Three operations cover the full lifecycle:
- compose -- initial agent selection for a new task
- suggestReinforcement -- add an agent when the swarm is stuck
- suggestPrune -- remove underperforming agents mid-solve
Quick Start
import { DynamicComposer } from '@cognitive-swarm/composer'
import type { AgentCandidate, ComposerConfig } from '@cognitive-swarm/composer'
const composer = new DynamicComposer({
minAgents: 2,
maxAgents: 5,
diversityThreshold: 0.3,
tagRelevanceWeight: 0.5,
reputationWeight: 0.3,
baseWeight: 0.2,
})
const candidates: AgentCandidate[] = [
{
id: 'analyst-1',
name: 'Data Analyst',
tags: ['data', 'statistics', 'visualization'],
reputation: 0.85,
weight: 1.0,
},
{
id: 'critic-1',
name: 'Critical Thinker',
tags: ['logic', 'fallacies', 'reasoning'],
reputation: 0.92,
weight: 1.0,
},
{
id: 'coder-1',
name: 'Software Engineer',
tags: ['algorithms', 'data-structures', 'optimization'],
reputation: 0.78,
weight: 1.0,
},
]
const result = await composer.compose(
'Analyze the dataset and find statistical anomalies',
candidates,
)
console.log(result.selected) // agents chosen for the task
console.log(result.reasoning) // human-readable explanation
console.log(result.totalWeight) // combined weight of selected agentsAPI Reference
DynamicComposer
Main class for swarm composition decisions.
Constructor
new DynamicComposer(config?: Partial<ComposerConfig>)Creates a new composer instance. All config fields are optional and fall back to sensible defaults.
compose(task, candidates)
Select the optimal set of agents for a task.
async compose(
task: string,
candidates: AgentCandidate[],
): Promise<CompositionResult>Parameters:
| Parameter | Type | Description |
|---|---|---|
task | string | Natural-language task description |
candidates | AgentCandidate[] | Pool of agents available for selection |
Returns: CompositionResult
Algorithm:
- Extract keywords from the task string
- Score each candidate:
tagRelevance * 0.5 + reputation * 0.3 + baseWeight * 0.2 - Sort candidates by score descending
- Select top candidates within
[minAgents, maxAgents]range - Apply diversity constraints -- reject candidates whose tag overlap with already-selected agents exceeds
diversityThreshold - Return selected agents with per-agent reasoning
const result = await composer.compose(
'Design a distributed caching layer with failover',
candidates,
)
for (const reason of result.reasons) {
console.log(`${reason.agentId}: ${reason.status} (score: ${reason.score})`)
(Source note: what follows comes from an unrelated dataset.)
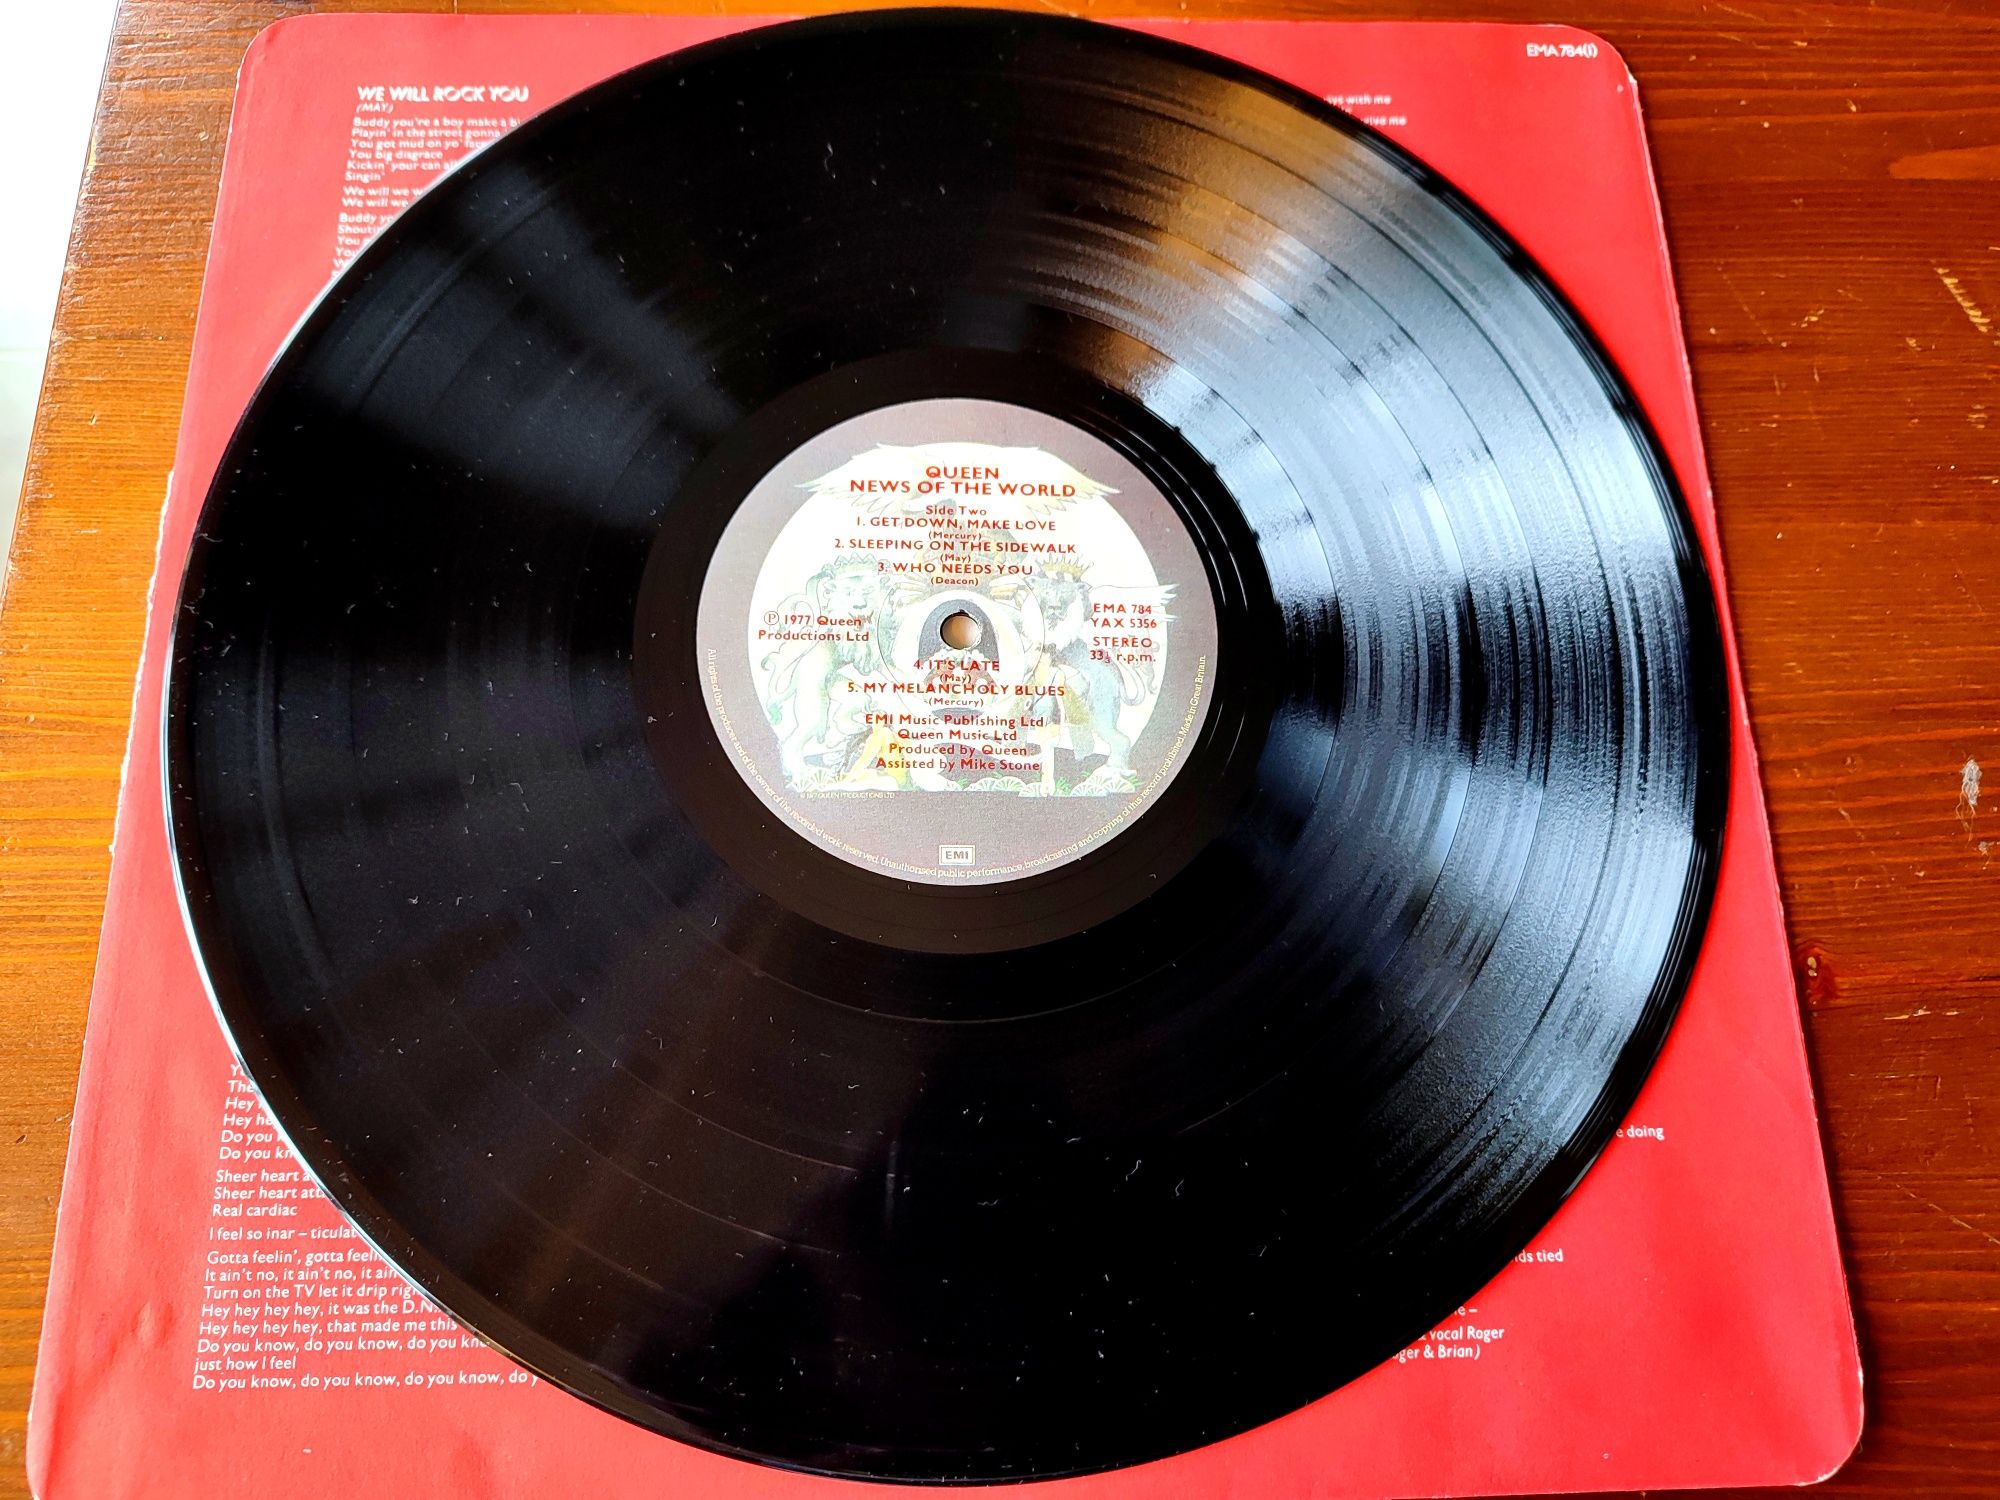 Queen - News Of The World Álbum Edição Original UK Anos 70
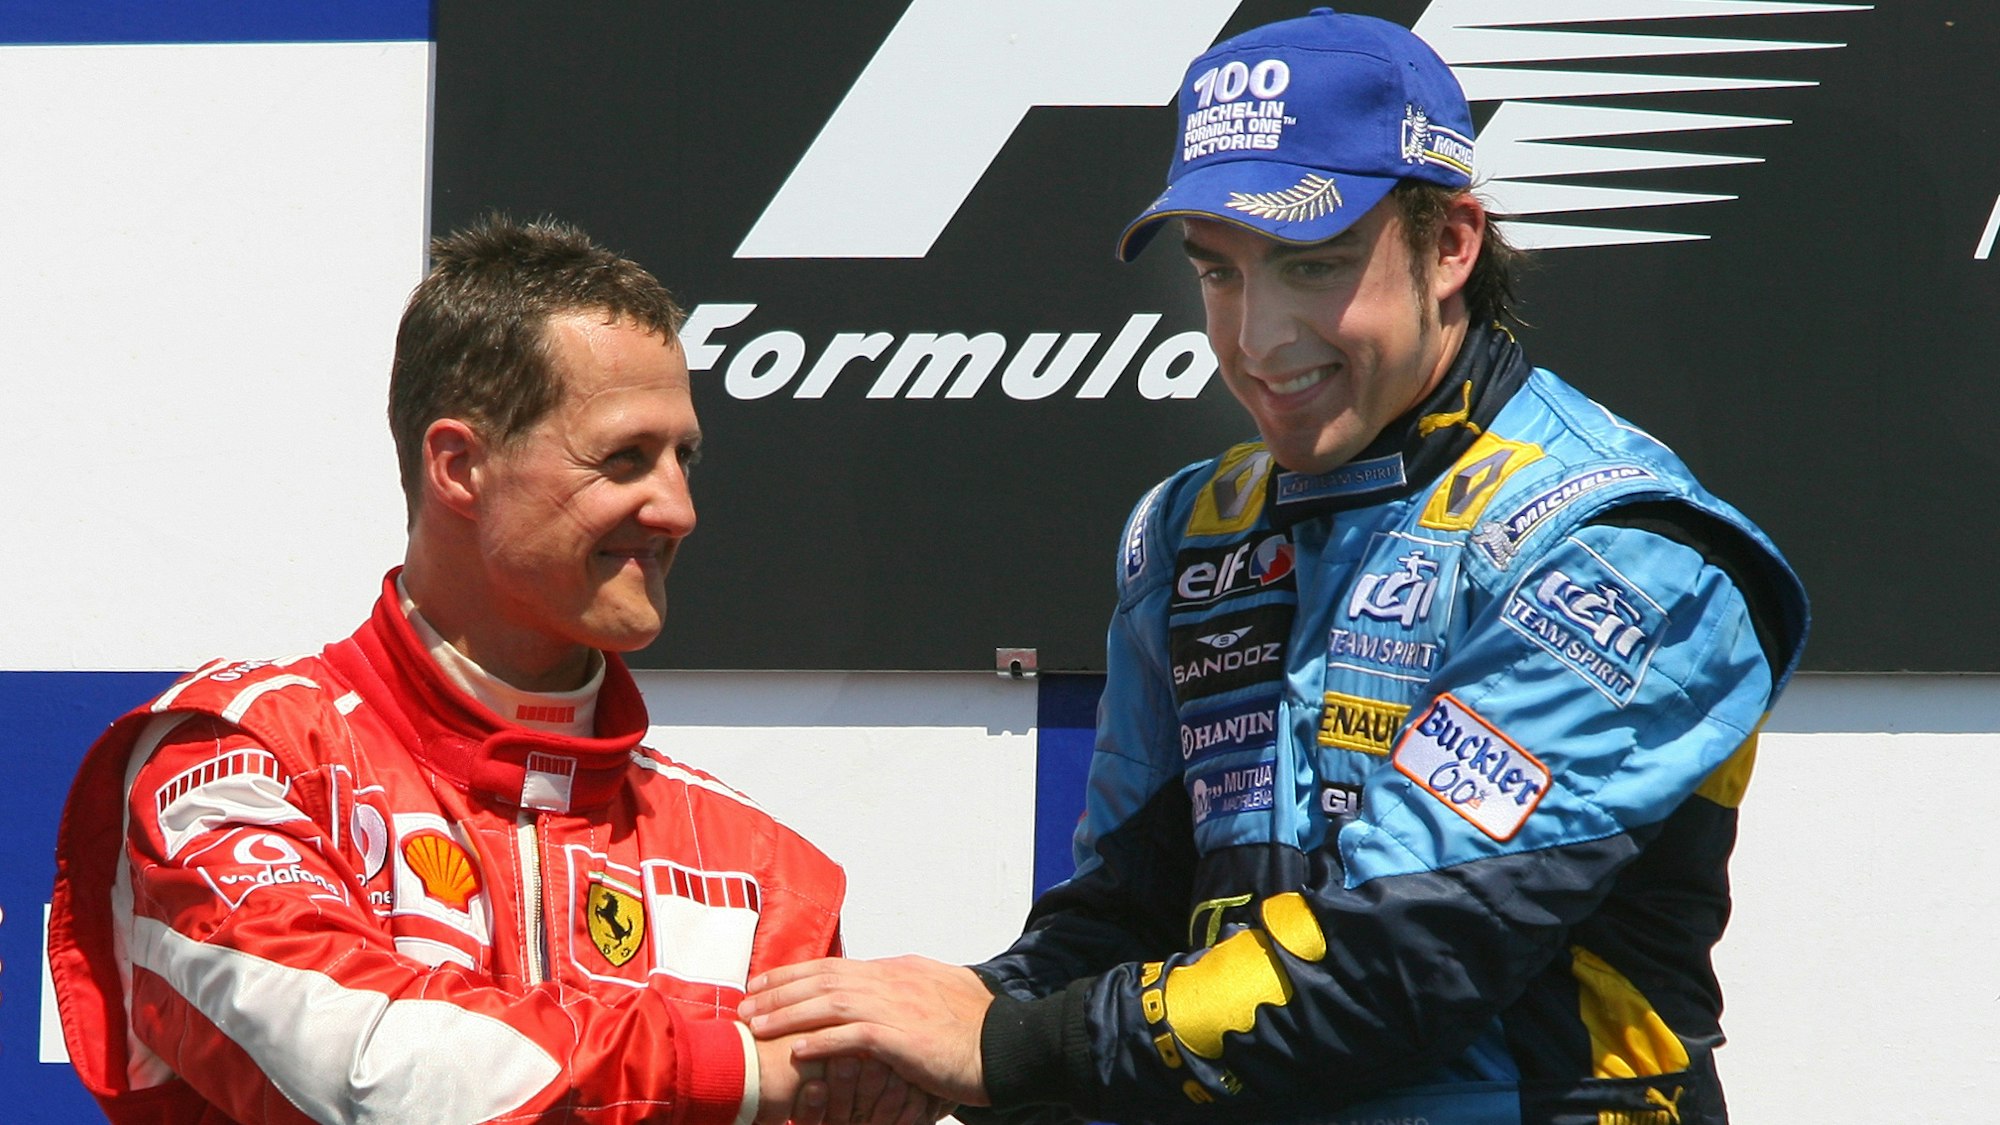 Michael Schumacher gratuliert Fernando Alonso zu seinem Renn-Sieg beim Großen Preis von Kanada in der Formel 1.

// analyst-1: selected (score: 0.82)
// critic-1: rejected (score: 0.41) -- low tag relevance
}suggestReinforcement(task, currentAgents, candidates)
Suggest an additional agent when the current swarm is stuck or underperforming.
async suggestReinforcement(
task: string,
currentAgents: AgentCandidate[],
candidates: AgentCandidate[],
): Promise<AgentCandidate | null>Parameters:
| Parameter | Type | Description |
|---|---|---|
task | string | The task being solved |
currentAgents | AgentCandidate[] | Agents currently in the swarm |
candidates | AgentCandidate[] | Pool of agents not yet in the swarm |
Returns: The best candidate to add, or null if no suitable candidate exists.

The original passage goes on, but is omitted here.